With not only Bridgers, but Oberst serving as a producer for Quitters as well, Hutson now finds himself in a position he’s never had before: releasing an album to an audience who actually knows who he is, backed and respected by some of the biggest names in indie music. “When there are two songwriters that are that good in a room where you’re working on your own songs, if there was a confidence deficit, it helps bridge that gap a little bit,” he says. “It’s like your work has permission to exist.”

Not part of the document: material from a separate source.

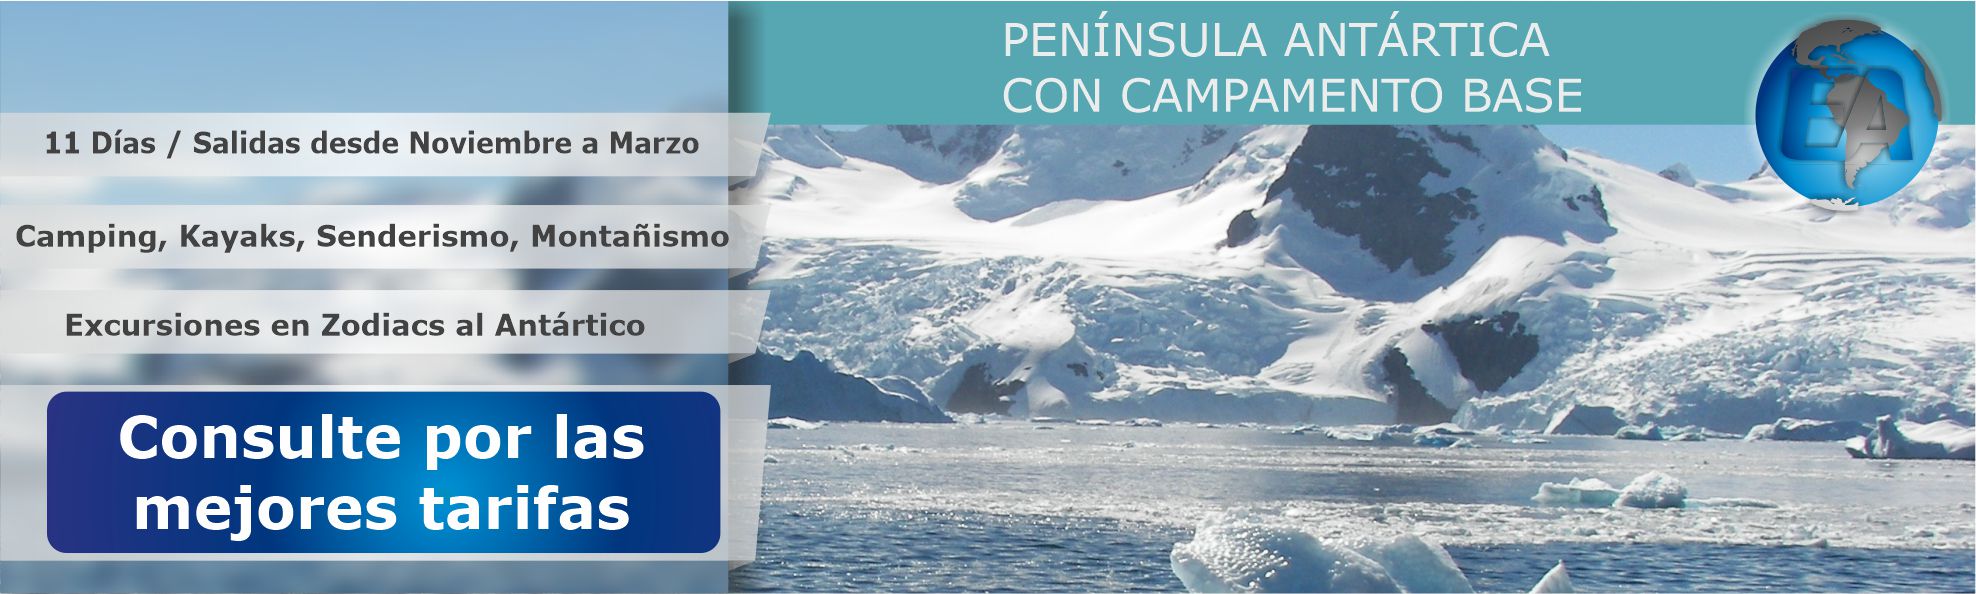 Península Antártica con campamento base en 11 Días

Naming the record what it is of course provides a glimpse into how Hutson has chosen not to take this long-sought-after measure of success too seriously. “My mom said this thing to me when I was growing up that I think about all the time,” he says. “She said, ‘It’s not always going to be this way.’ And you can take that in a negative and a positive way. So when things are going well, it helps to remember that it’s not always going to be, and if things are going poorly it won’t always be that way either.”

Quitters are also failures, and as Hutson acknowledges in his album’s lead single, “Rubberneckers,” when it comes to L.A. — his home — the city is full of them. He speaks from experience. “It’s such a heartbreaking place,” he says. “You can see someone who’s fallen on their face anywhere. If I walk out the door I’d probably find some in a matter of minutes. It’s a place of failure, and everyone who has had success here — however you define that — is also someone who fell on their face 15 times or more before they figured out what they were doing or what not to do, just testing the fences.”